Remove cream cheese from the refrigerator and let soften for about 10 minutes.
Using a food processor or blender, pulse the graham crackers into fine crumbs.
In a large bowl, add cracker crumbs, melted butter, granulated sugar, and salt. Stir well until all ingredients are combined.
Pour the crust mixture into the baking dish. Using your hands, press it down so it is evenly spread. Freeze for 10 minutes.
While the crust is freezing, make the filling. First, use an electric mixer or hand mixer to beat the cream cheese until it is smooth.
Add confectioner’s sugar, vanilla, salt, and lemon juice and stir well until it is a smooth consistency.
Remove the crust from the freezer and spread the cheesecake filling on top.
Stir cranberry strawberry sauce until it is a smooth consistency. Dollop cranberry strawberry sauce on top and use a skewer to make swirls.

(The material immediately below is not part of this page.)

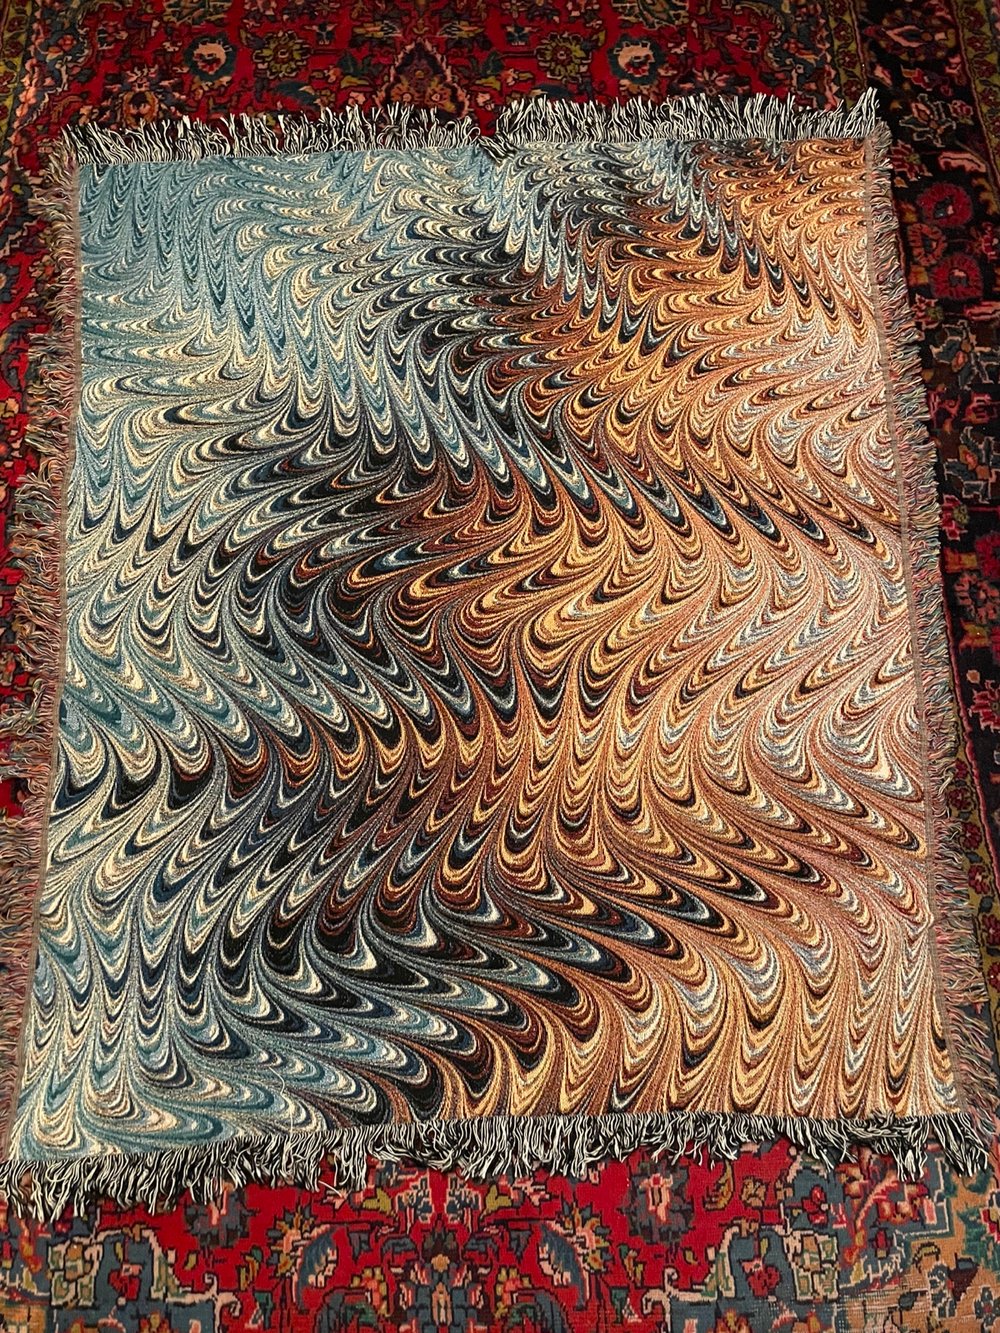 Woven Blanket #34

Freeze the bars for at least two hours. After they are frozen, transfer them onto a cutting board. Remove the parchment paper and slice into bars.
Serve right away or store in an air tight container in the fridge for up to 3 days, or the freezer for up to 2 weeks.
Notes
If you do not want to use strawberry cranberry sauce, make a strawberry swirl sauce by cooking pureed strawberries and sugar in a saucepan over medium heat until the strawberries break down and the mixture thickens. Let cool before adding it to the top of the bars to swirl.